**How to complete this task**
Please write out all the data that follows exactly, without the pictures.

**Information supplied**
::::

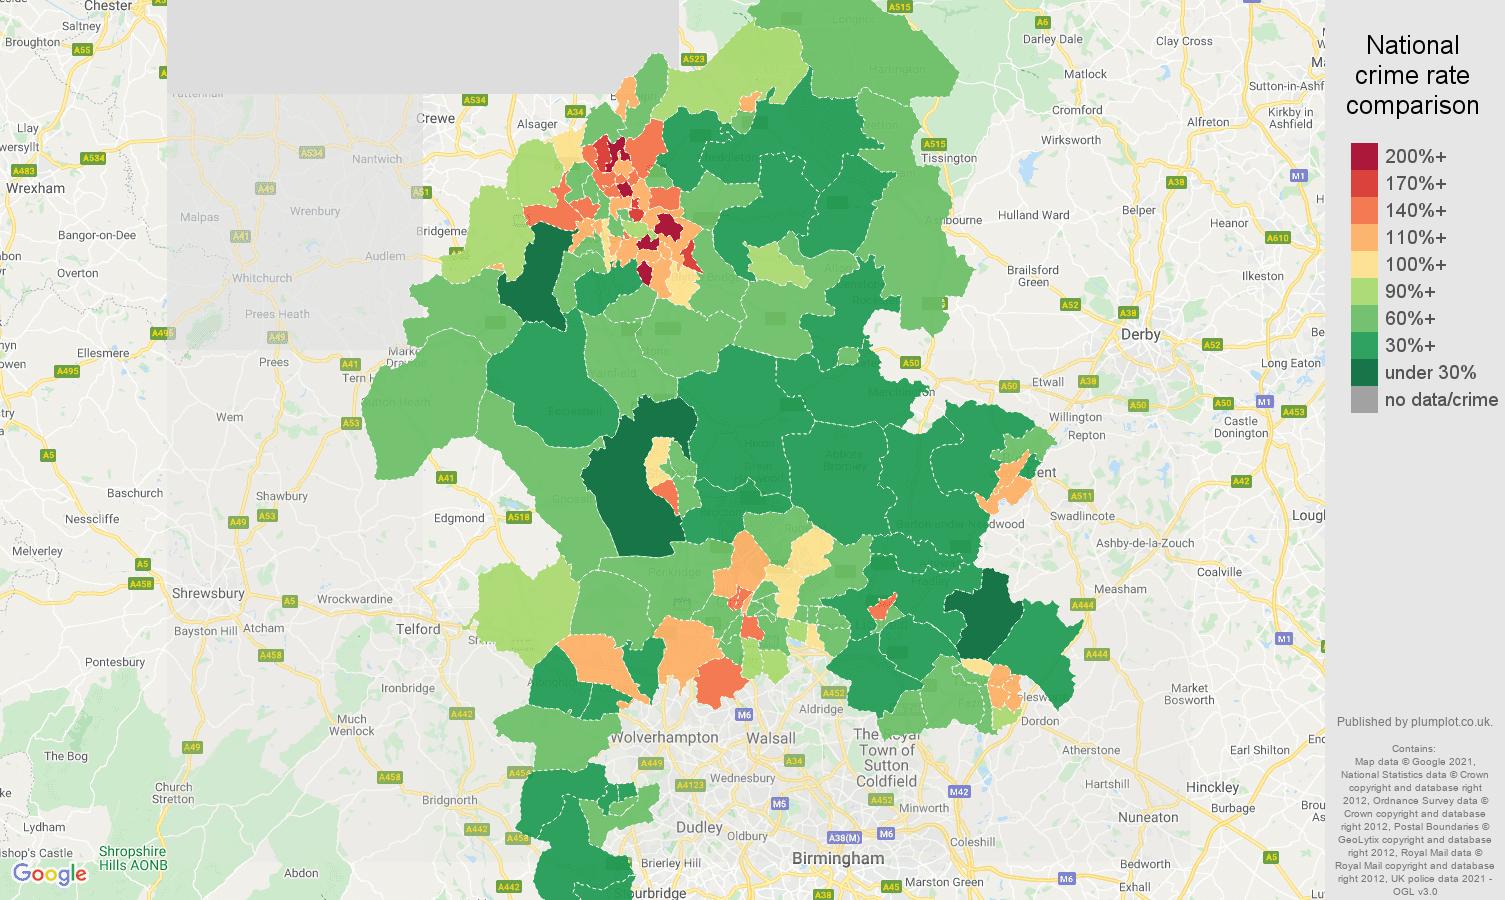 Staffordshire violent crime rate comparison map
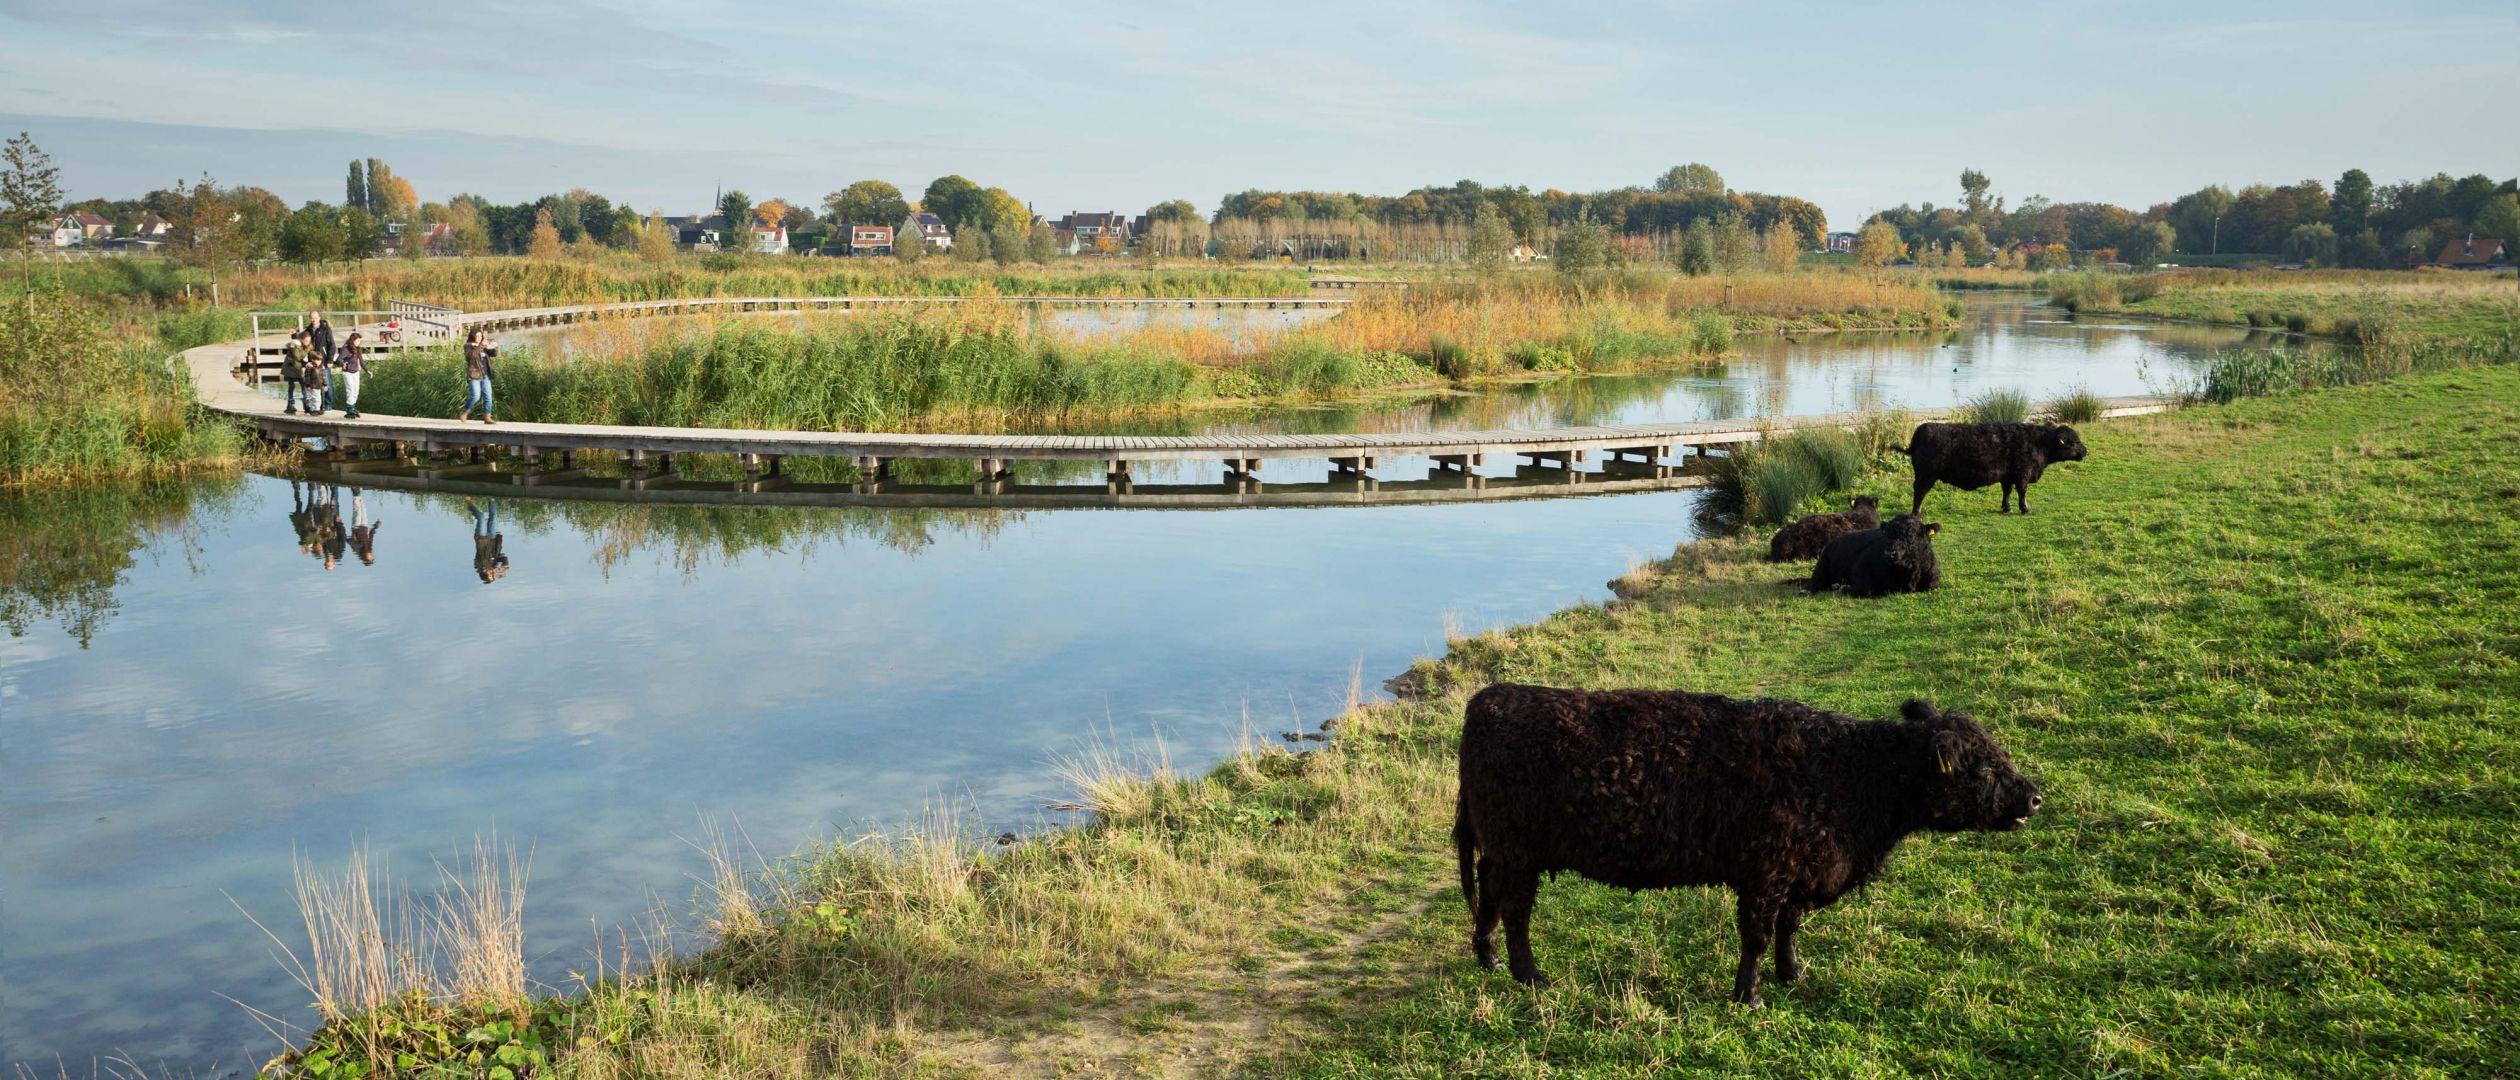 Landschapspark Zuidpolder, Rotterdam Regio, Barendrecht
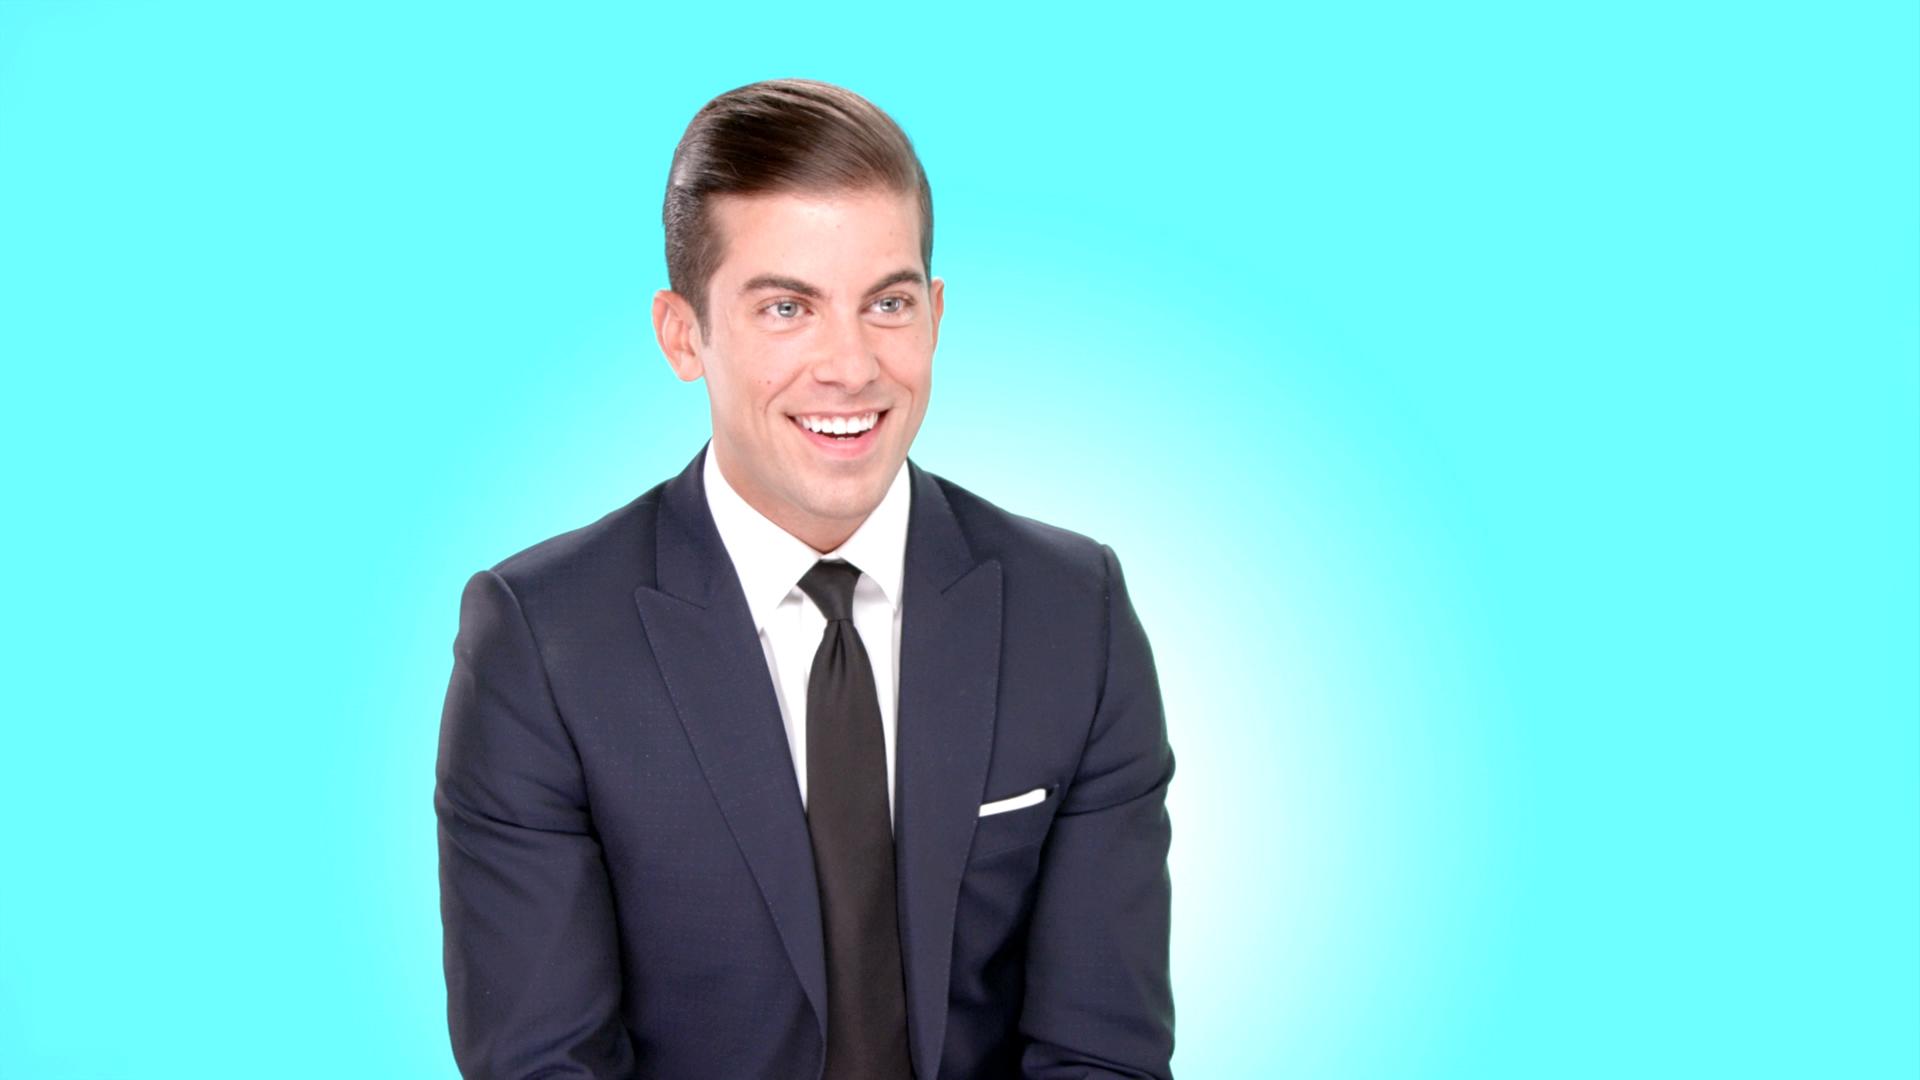 Suits bravo online dating

::::

**Answer space**
 Staffordshire violent crime rate comparison map
 Landschapspark Zuidpolder, Rotterdam Regio, Barendrecht
 Suits bravo online dating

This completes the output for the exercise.